Deutschmark love crosses into British press

And not just any press, but the pro-EU Guardian, rather than the EU-skeptic press.
Berliners dream of return to deutschmark
On the pavement outside the bar, drawing on a cigarette, Pamela Schreiber pauses in contemplation. "Do I consider myself European? Well, of course, but first and foremost I'm a German," says the 33-year-old set designer with conviction.

The answer is not one that you would have expected a few years ago from a young person in Germany. This is the country where European enthusiasm has been easiest to find and where, since the war, European interests have taken precedence over nationalist ones. But, according to Schreiber, Germans feel increasingly torn over Europe.

"We always knew in our heart of hearts that the euro would never be as solid as our deutschmark, but we gave up our beloved currency, which was actually central to our identity, because we believed in the European project so fervently," she says.

Now there is talk, albeit based on blog gossip and a tabloid desire to whip up a good tale, of a return of the mark. Some even claim that secret supplies of the defunct currency – the strength of which was seen as a legacy of the sweat and tears that Germans spent to build up their ruined economy after the war – are being printed in secret underground locations.

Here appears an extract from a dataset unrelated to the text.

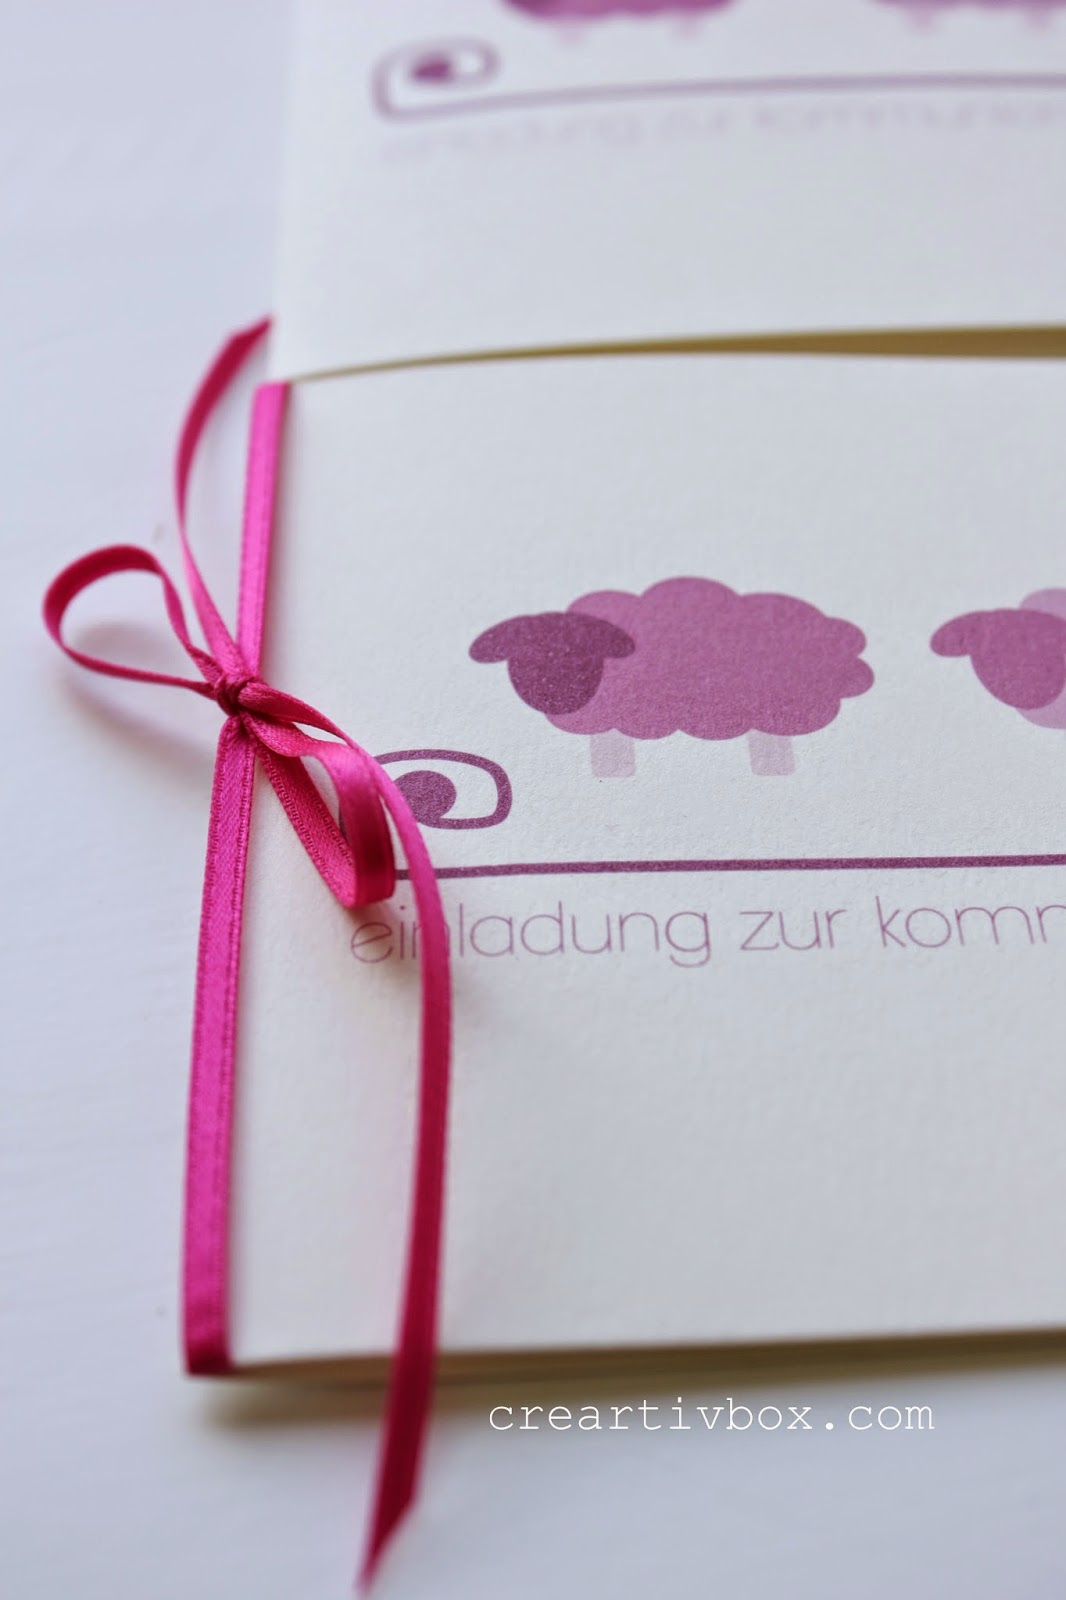 creartiv.box: Rosa Wölkchen-Schafe

Cabaret artists have been making jokes about wheelbarrows of notes, or telling the one about the German and the Greek who go out to eat, the German choosing the cheapest item on the menu, the Greek gorging on a range of dishes, before the waiter brings the German the bill at the end. The audience doubles over. But the reality is stomach-churning.

"We are building up an almighty bubble of debt which is going to burst in one great bang," says Hans-Werner Sinn, chief of Ifo, one of the country's leading economic thinktanks.
When the artists and economists are in agreement, there's a serious movement afoot.